To deal with the new types of white spaces introduced in unicode/utf-8, a more extensive string is required to match and removed modern white space.
Because regular expressions by default do not recognize multi-byte characters, only a delimited meta string can be used to identify them, to prevent the byte segments from being alters in other utf-8 characters (\x80 in the quad set could replace all \x80 sub-bytes in smart quotes)
$cleanedstr = preg_replace(
"/(\t|\n|\v|\f|\r| |\xC2\x85|\xc2\xa0|\xe1\xa0\x8e|\xe2\x80[\x80-\x8D]|\xe2\x80\xa8|\xe2\x80\xa9|\xe2\x80\xaF|\xe2\x81\x9f|\xe2\x81\xa0|\xe3\x80\x80|\xef\xbb\xbf)+/",
"_",
$str
);
This accounts for and removes tabs, newlines, vertical tabs, formfeeds, carriage returns, spaces, and additionally from here:
nextline, non-breaking spaces, mongolian vowel separator, [en quad, em quad, en space, em space, three-per-em space, four-per-em space, six-per-em space, figure space, punctuation space, thin space, hair space, zero width space, zero width non-joiner, zero width joiner], line separator, paragraph separator, narrow no-break space, medium mathematical space, word joiner, ideographical space, and the zero width non-breaking space.
Many of these wreak havoc in xml files when exported from automated tools or sites which foul up text searches, recognition, and can be pasted invisibly into PHP source code which causes the parser to jump to next command (paragraph and line separators) which causes lines of code to be skipped resulting in intermittent, unexplained errors that we have begun referring to as "textually transmitted diseases"
[Its not safe to copy and paste from the web anymore. Use a character scanner to protect your code. lol]

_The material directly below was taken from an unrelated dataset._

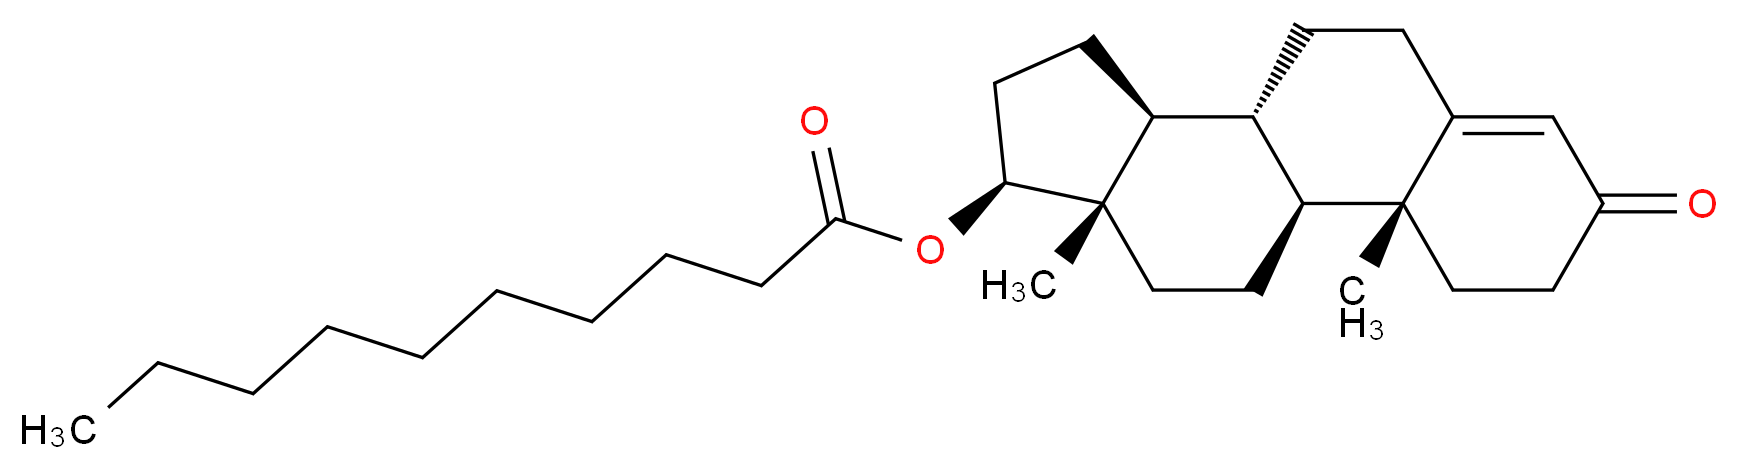 Testosterone decanoate_分子结构_CAS_5721-91-5)
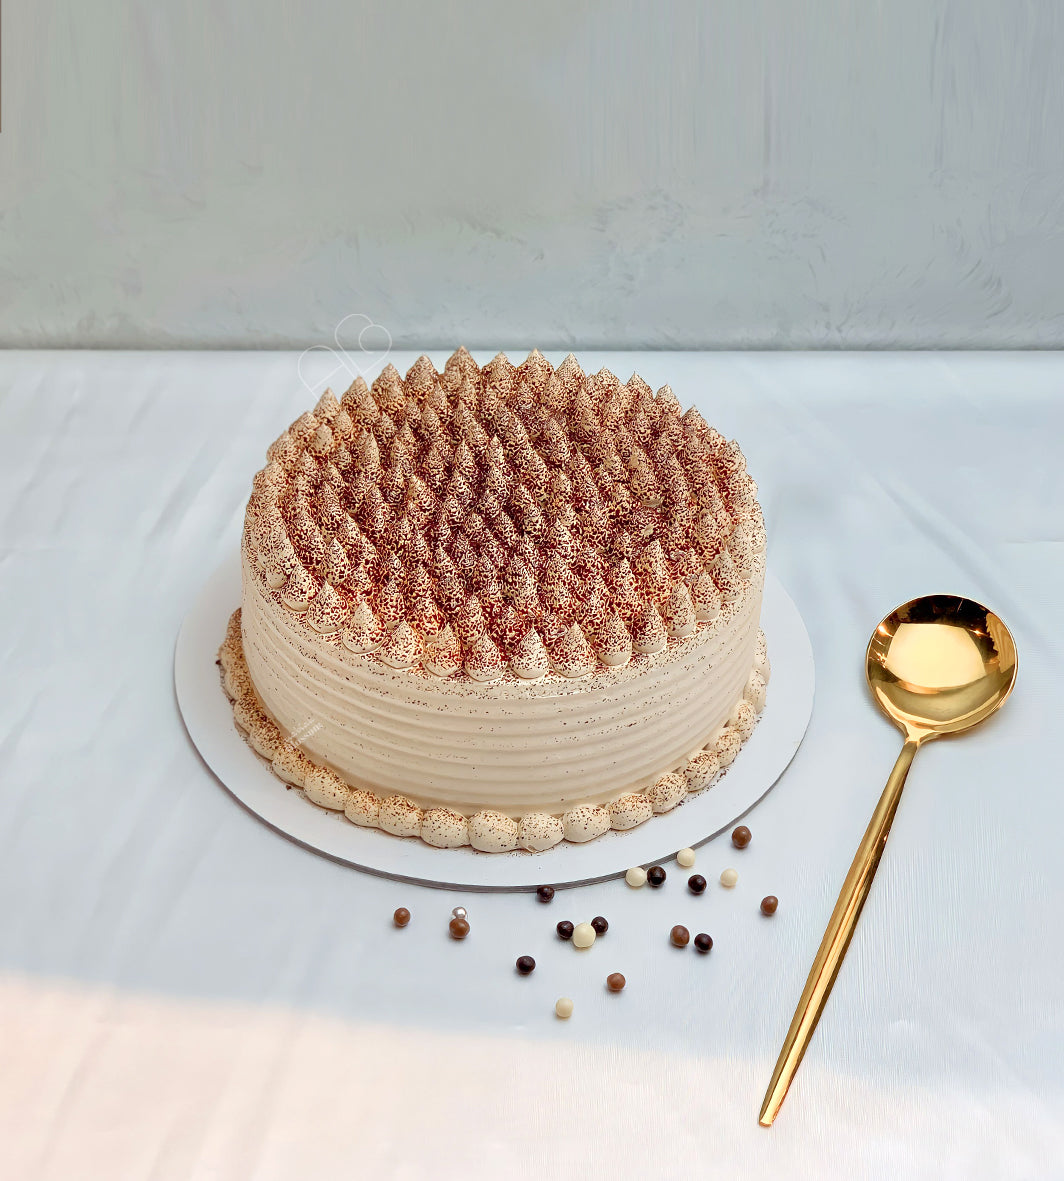 Tiramisu Cake - Cakes & Dessert Bars - Tiramisu - Cake - Arabianblossom

Sometimes you would need to delete consecutive white spaces. You can do it like this:
$str = "My name is";
$str = preg_replace('/\s\s+/', ' ', $str);
Output:
My name is

$string = str_replace(" ", "", $string);
I believe preg_replace would be looking for something like [:space:]

You can use trim function from php to trim both sides (left and right)
trim($yourinputdata," ");
Or
trim($yourinputdata);
You can also use
ltrim() - Removes whitespace or other predefined characters from the left side of a string
rtrim() - Removes whitespace or other predefined characters from the right side of a string
System: PHP 4,5,7
Docs: http://php.net/manual/en/function.trim.php

If you want to remove all whitespaces everywhere from $tags why not just:
str_replace(' ', '', $tags);
If you want to remove new lines and such that would require a bit more...

Any possible option is to use custom file wrapper for simulating variables as files. You can achieve it by using this:
1) First of all, register your wrapper (only once in file, use it like session_start()):
stream_wrapper_register('var', VarWrapper);
2) Then define your wrapper class (it is really fast written, not completely correct, but it works):
class VarWrapper {
protected $pos = 0;
protected $content;
public function stream_open($path, $mode, $options, &$opened_path) {
$varname = substr($path, 6);
global $$varname;
$this->content = $$varname;
return true;
}
public function stream_read($count) {
$s = substr($this->content, $this->pos, $count);
$this->pos += $count;
return $s;
}
public function stream_stat() {
$f = fopen(__file__, 'rb');
$a = fstat($f);
fclose($f);
if (isset($a[7])) $a[7] = strlen($this->content);
return $a;
}
}
3) Then use any file function with your wrapper on var:// protocol (you can use it for include, require etc. too):
global $__myVar;
$__myVar = 'Enter tags here';
$data = php_strip_whitespace('var://__myVar');
Note: Don't forget to have your variable in global scope (like global $__myVar)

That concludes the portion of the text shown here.